Thiago Bessimo - A pergunta afirma erroneamente uma contradição entre os valores da Observa China e a realização de um curso com financiamento da Freedom House. Não há contradição. A Observa China não tem parceria ativa com a Freedom e recebeu dinheiro somente para cobrir com custos operacionais do curso. Segundo, a Observa China é uma associação sem fins lucrativos registrada em cartório com governança própria que não passa pelos interesses econômicos de organizações ou indivíduos fora dos quadros da associação. A Observa China opera com uma equipe voluntária desde 2020 e começou a receber doações mínimas somente este ano para cobrir custos operacionais como pagamento do domínio do site, anuidade do Zoom e custos para realização de suas atividades.
Revista Fórum - Como foi o processo que resultou no patrocínio da Freedom House para esse curso oferecido pela rede Observa China? Qual o valor?
Thiago Bessimo - O co-fundador da Observa China, Igor Patrick, entrou em contato com a equipe da Observa China para a criação de um curso para jornalistas. Reunimos um grupo de trabalho para montar o programa, incluindo professores, temas e o que mais achamos relevante. Feito isso, enviamos a proposta para a Freedom House buscando financiamento. Receberemos 2000 USD da Freedom House, em valor bruto a serem deduzidos impostos e taxas bancárias, para pagar a hora dos professores e custear o trabalho de organização do curso. O valor completo será disponibilizado na página de transparência no site.
Revista Fórum - É de conhecimento público que a Freedom House recebe recursos de Washington, inclusive do Departamento de Estado dos EUA. A entidade também recebe fundos do recém-aprovado America COMPETES Act?
Thiago Bessimo - Como representante da Observa China não posso responder pela administração da Freedom House, recomendo que entre em contato diretamente com a organização.
Revista Fórum - A Freedom House, inclusive, divulgou este ano o relatório Freedom World no qual afirma que "o regime autoritário da China tem se tornado cada vez mais repressivo nos últimos anos. O Partido Comunista Chinês (PCCh), que governa o país, continua a reforçar o controle sobre todos os aspectos da vida e governança, incluindo a burocracia estatal, a mídia, a expressão online, a prática religiosa, as universidades, as empresas e as associações da sociedade civil." Nesse contexto, a associação da Observa China a essa entidade já não confere um viés liberal e anti-China à formação de jornalistas e estudantes brasileiros na cobertura sobre a China?

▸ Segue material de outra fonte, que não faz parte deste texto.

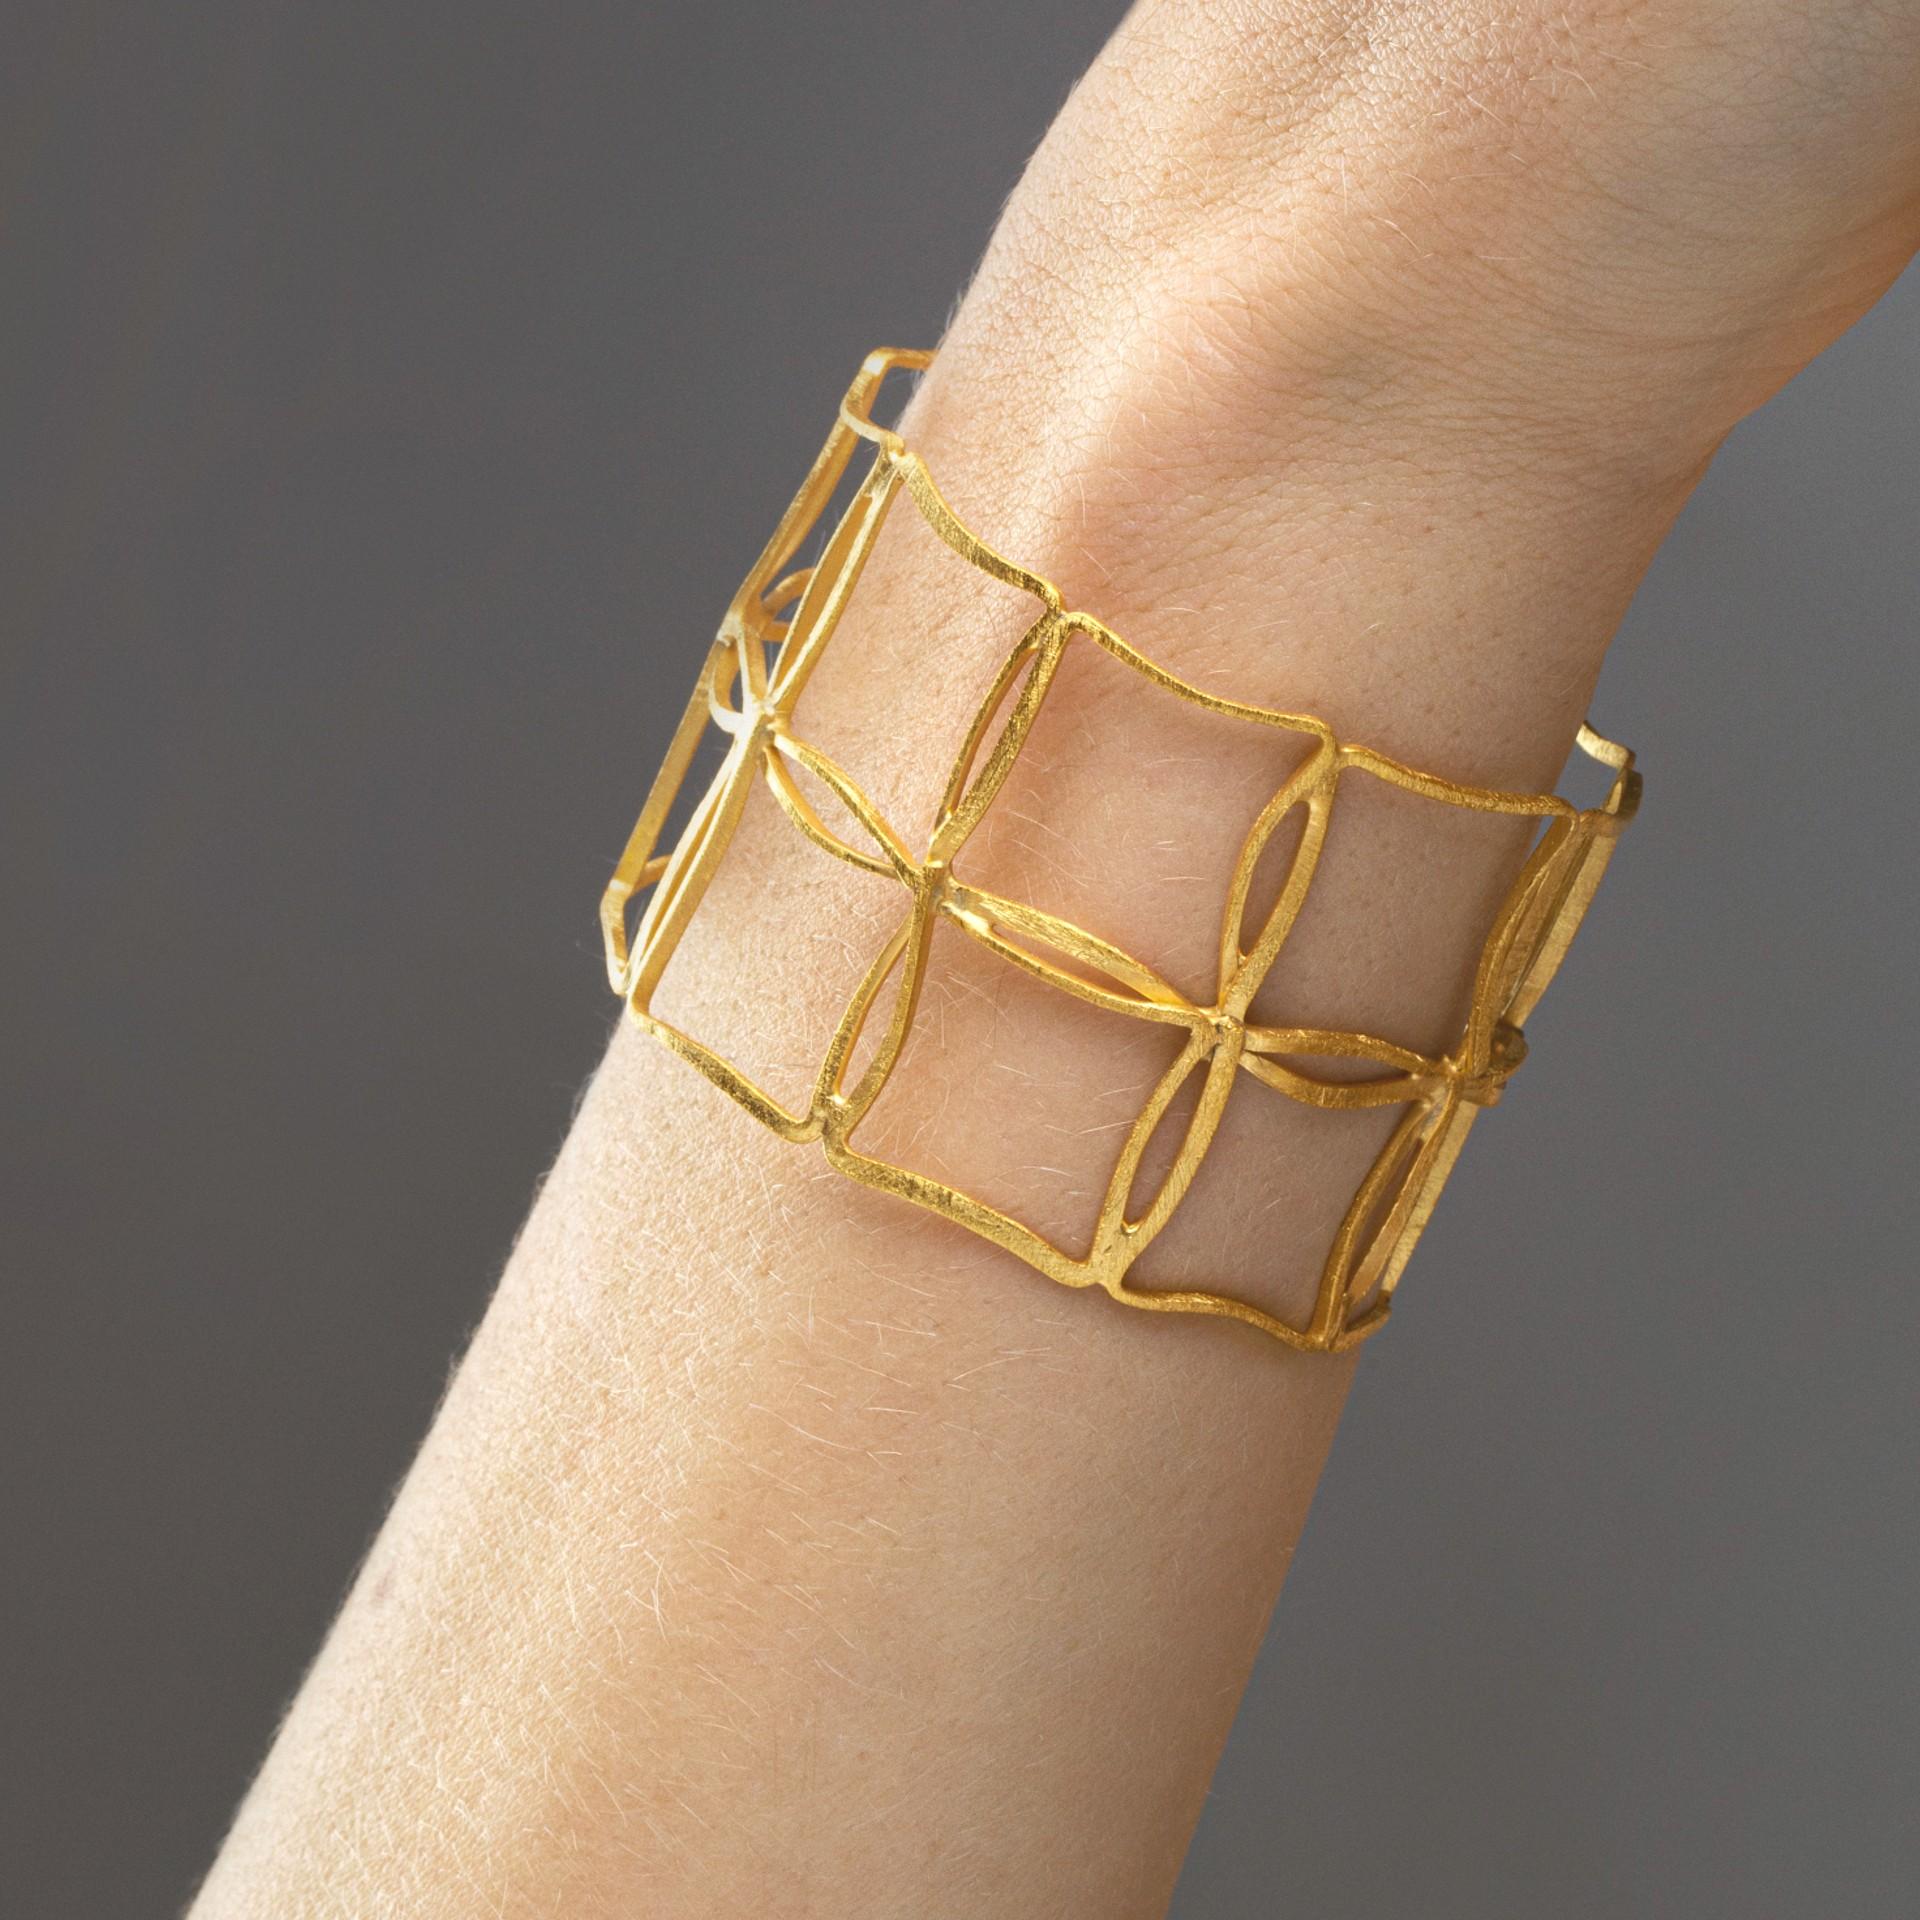 Alex Jona Design-Kollektion, handgefertigt in Italien, vergoldetes Sterlingsilber-Armband mit gebürsteter Oberfläche. 
Die Schmuckstücke von Alex Jona zeichnen sich dadurch aus, dass während des gesamten Herstellungsprozesses sorgfältig auf die

Thiago Bessimo - Não. Todo o programa do curso foi criado de forma independente pela Observa China. Ao longo dos nossos quase quatro anos de história já realizamos e continuaremos a realizar atividades com os mais diferentes setores da sociedade e pontos de vista pró-China, anti-China, ou até que não busquem criar uma polarização artificial em torno de um país. Como evidenciado, jornalistas e estudantes brasileiros precisam de mais debates e contato com pessoas sérias, que discutam a China com base em evidências, que tenham tido experiência vivendo na China e estudando de forma qualificada o país. Em momento algum foi exigido que o conteúdo abordasse qualquer viés, pró ou anti-China. Todos os convidados são pesquisadores sérios, reconhecidos pelos pares na sinologia há anos. São próximos da Observa China e de dezenas de outras iniciativas da área.
Revista Fórum - O processo de seleção para o curso 'Cobrindo a China' não especificou número de vagas ou critérios. Todavia, na negativa para os interessados no curso são citados número de vagas limitado e critérios como gênero, raça, localização geográfica, idade e experiência. Não faltou transparência na chamada?
Thiago Bessimo - Creio que não. A seleção é categórica ao pedir nome completo, motivação e link ao perfil do LinkedIn. Assim, avaliamos os perfis com os dados recebidos e fizemos a seleção que julgamos mais pertinente para a realização do curso. A definição do número de vagas e o respectivo preenchimento foram determinados de maneira subjetiva pela Observa China e são informações confidenciais.